(Data extract begins)

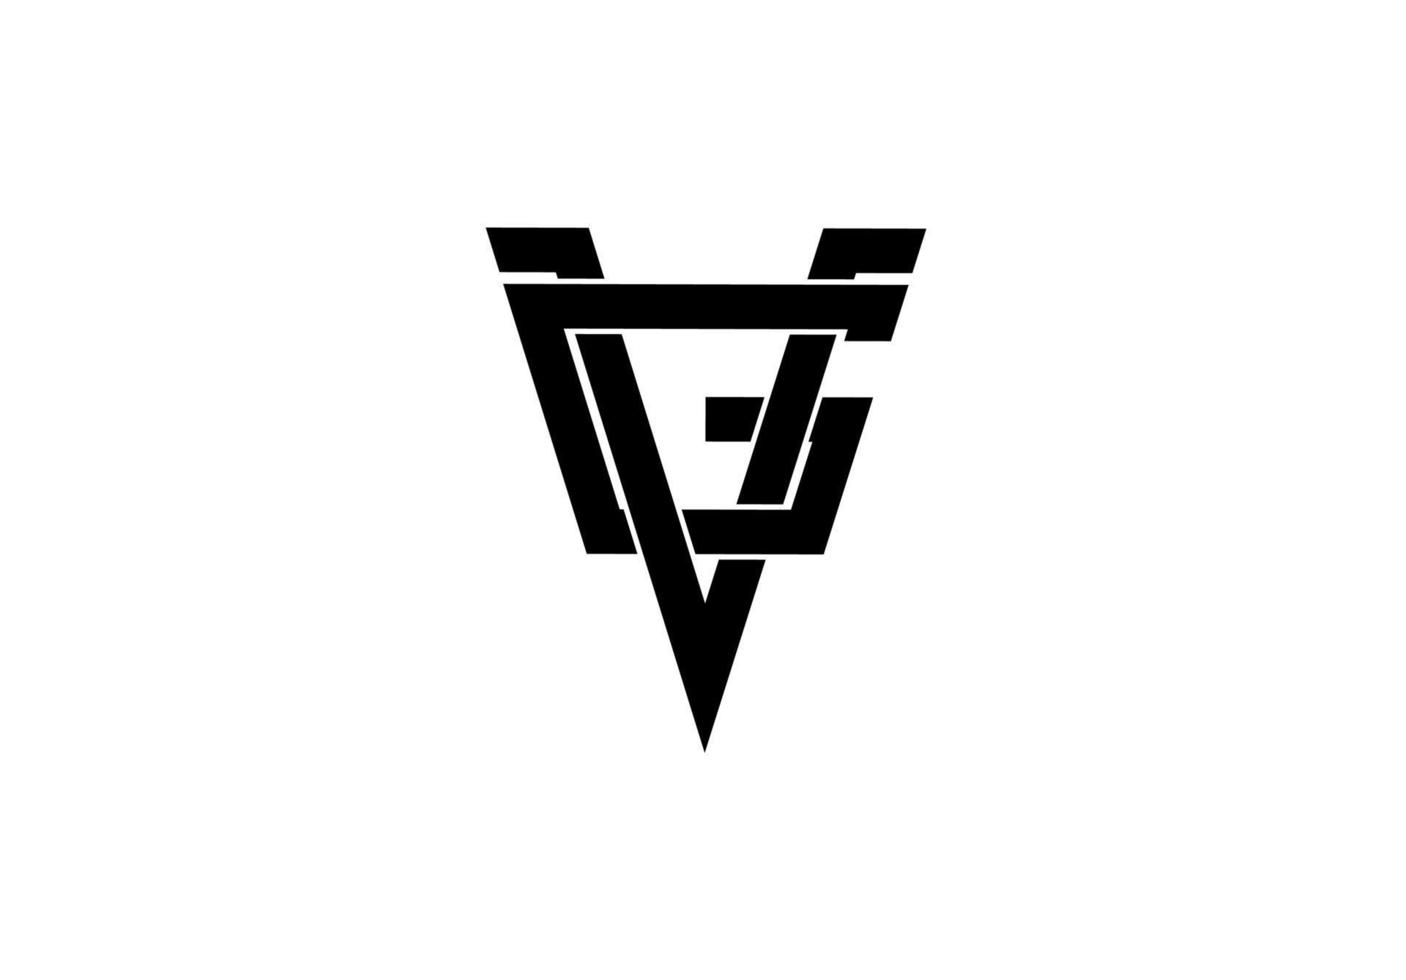 gv vg gv lettre initiale logo isolé sur fond blanc vecteur
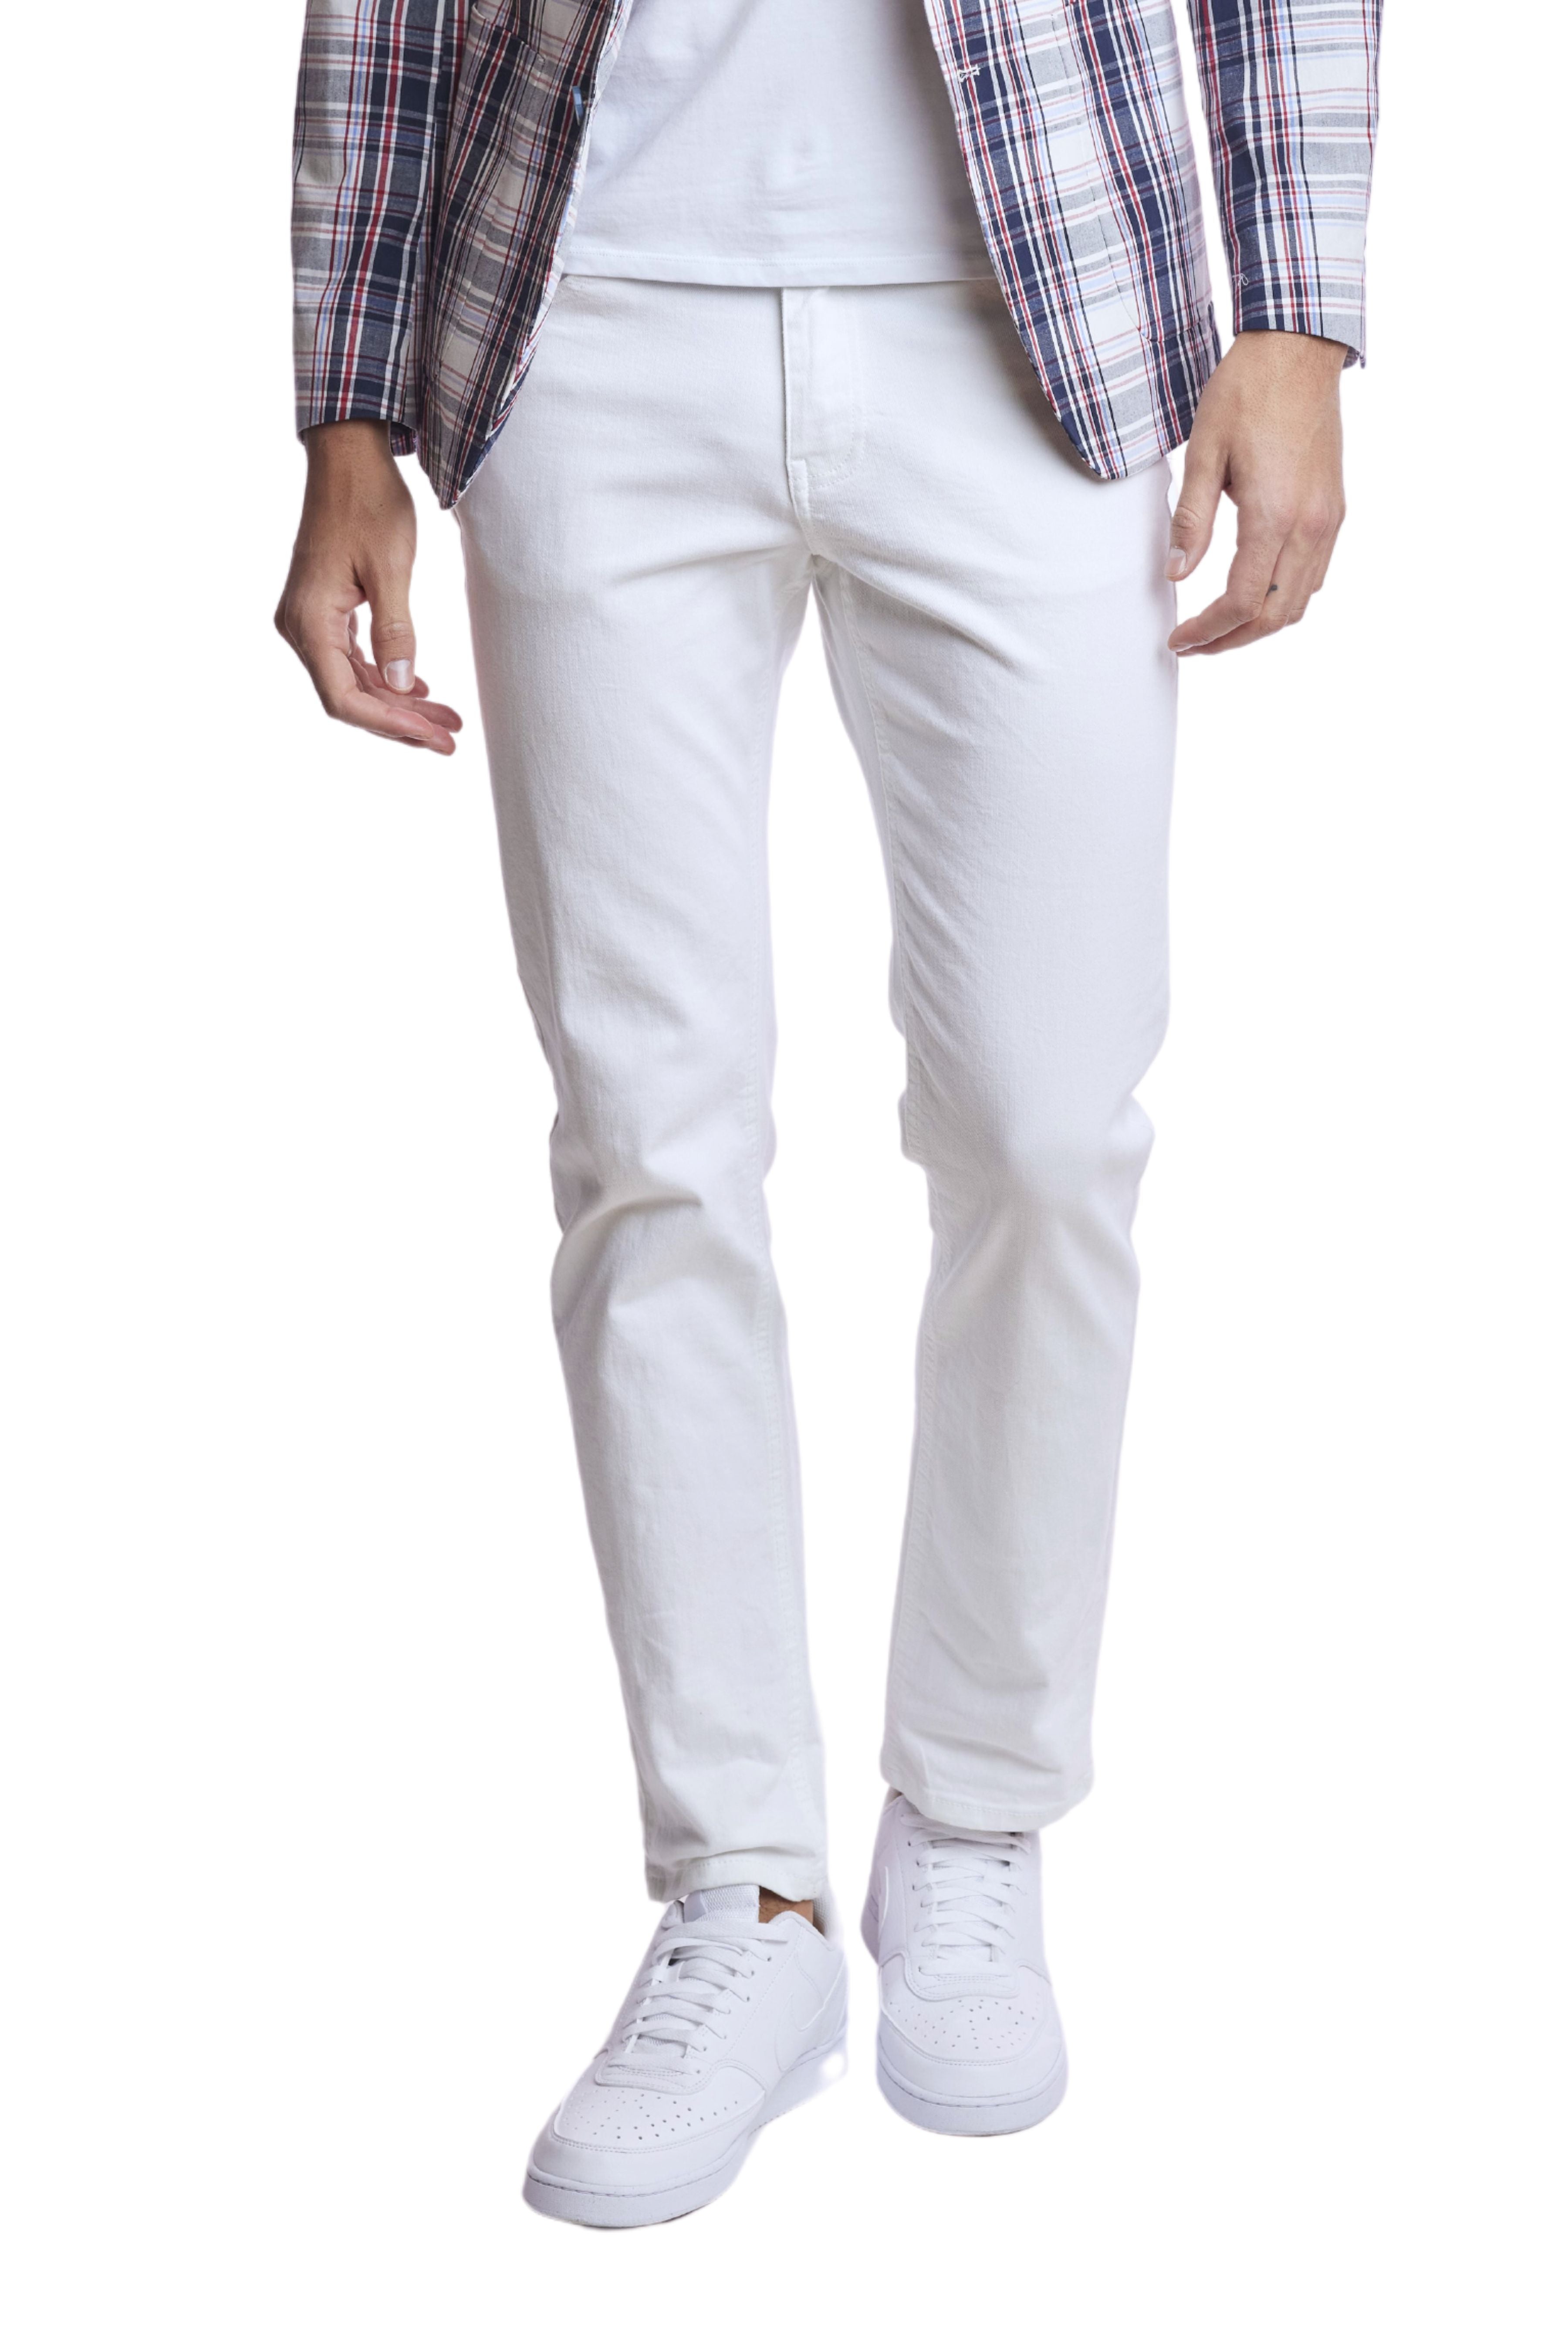 Rebel Jeans - slim - White Jeans
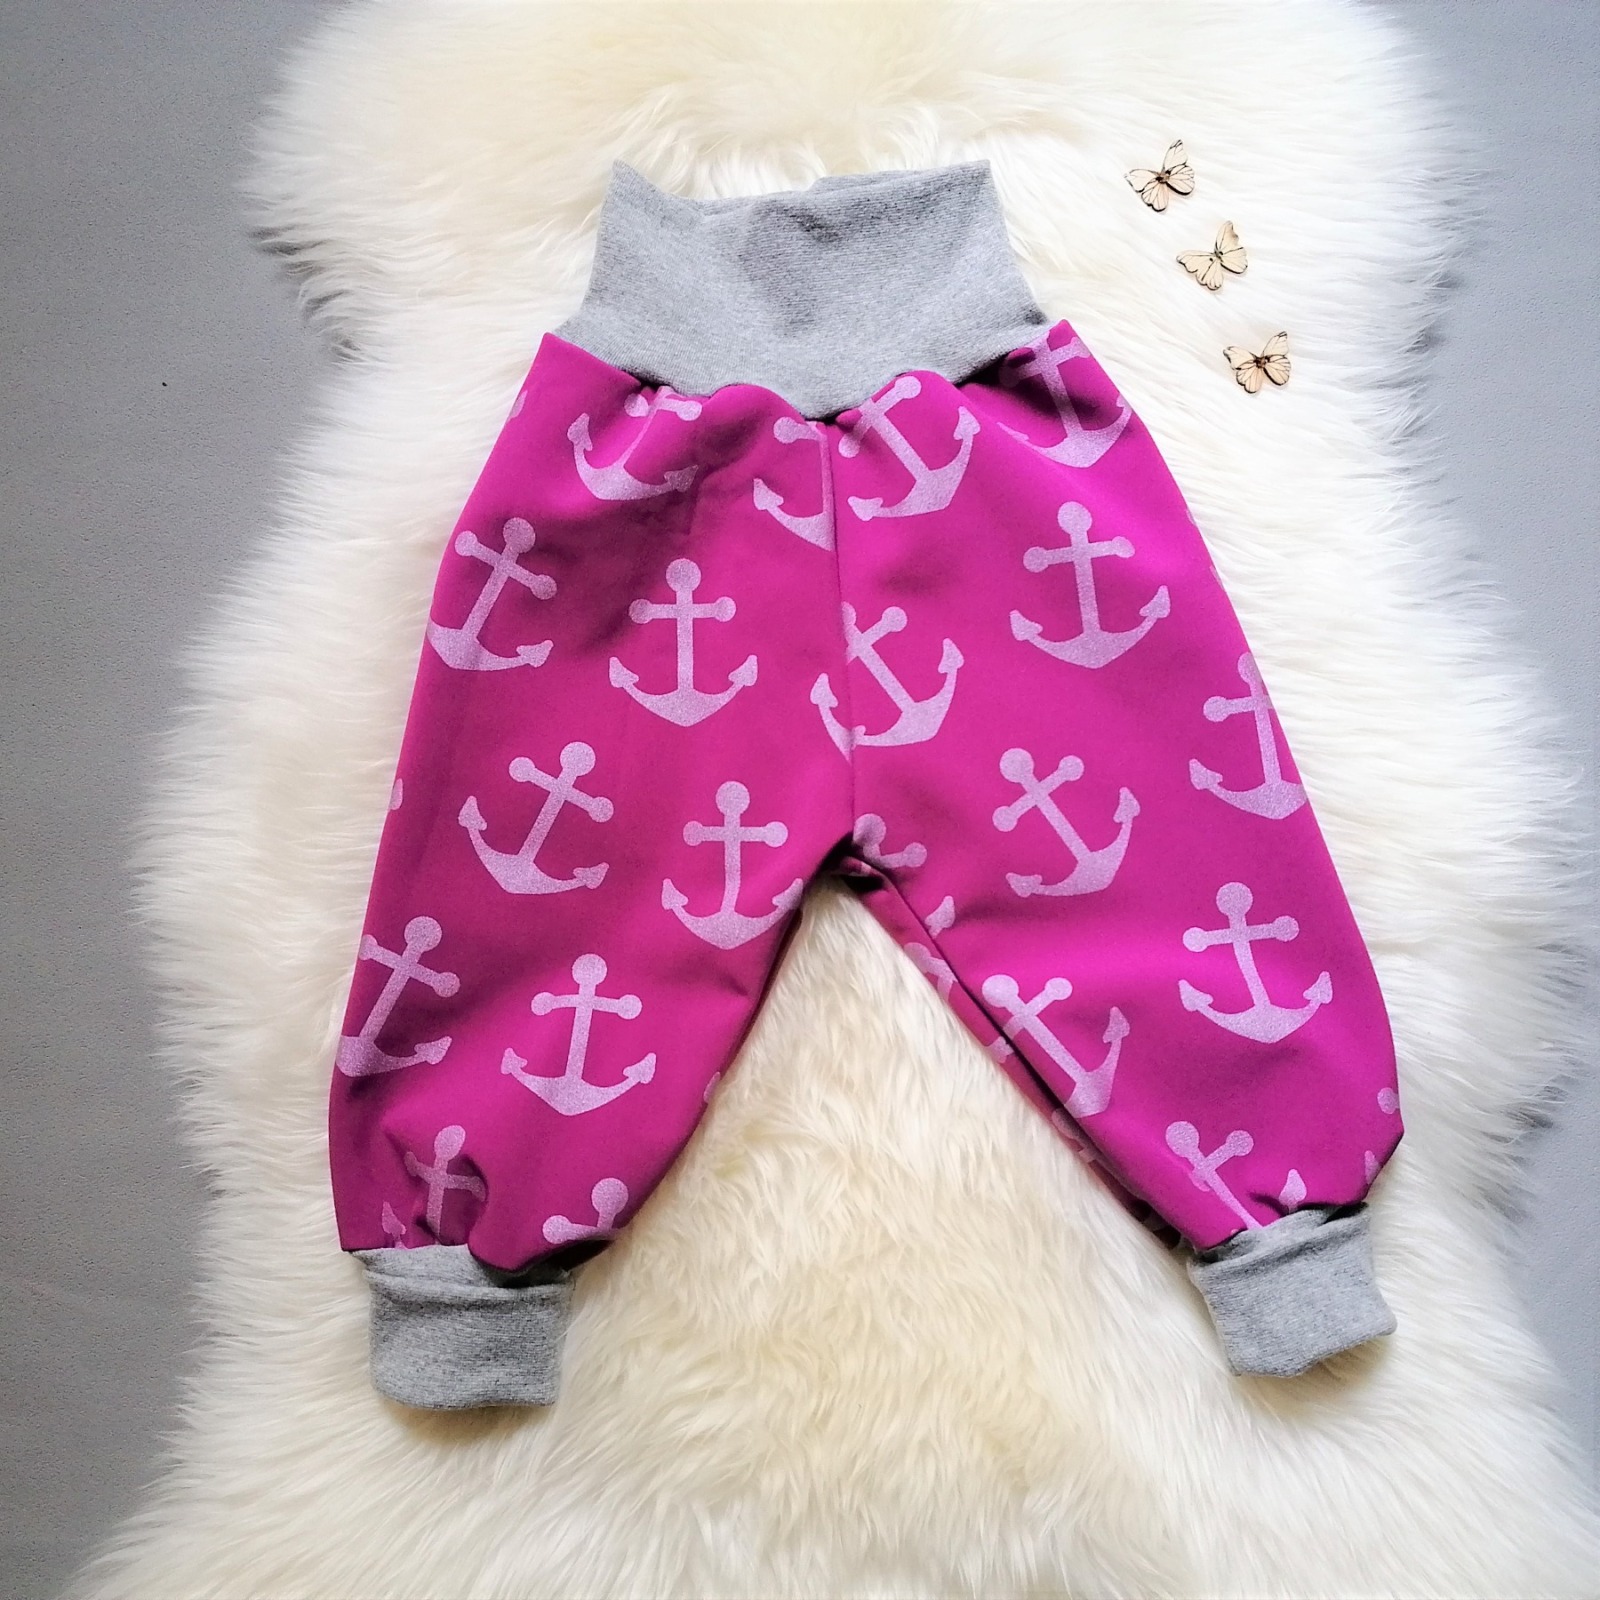 Kauf auf Bestellung Handmade Softshellhose Anker pink Gr 74-140 Nachtfalter-kreativ

(Data extract ends)

• **Exercise brief**
Would you repeat the listing word for word and skip every picture?

• **Response box**
 gv vg gv lettre initiale logo isolé sur fond blanc vecteur
 Rebel Jeans - slim - White Jeans
 Kauf auf Bestellung Handmade Softshellhose Anker pink Gr 74-140 Nachtfalter-kreativ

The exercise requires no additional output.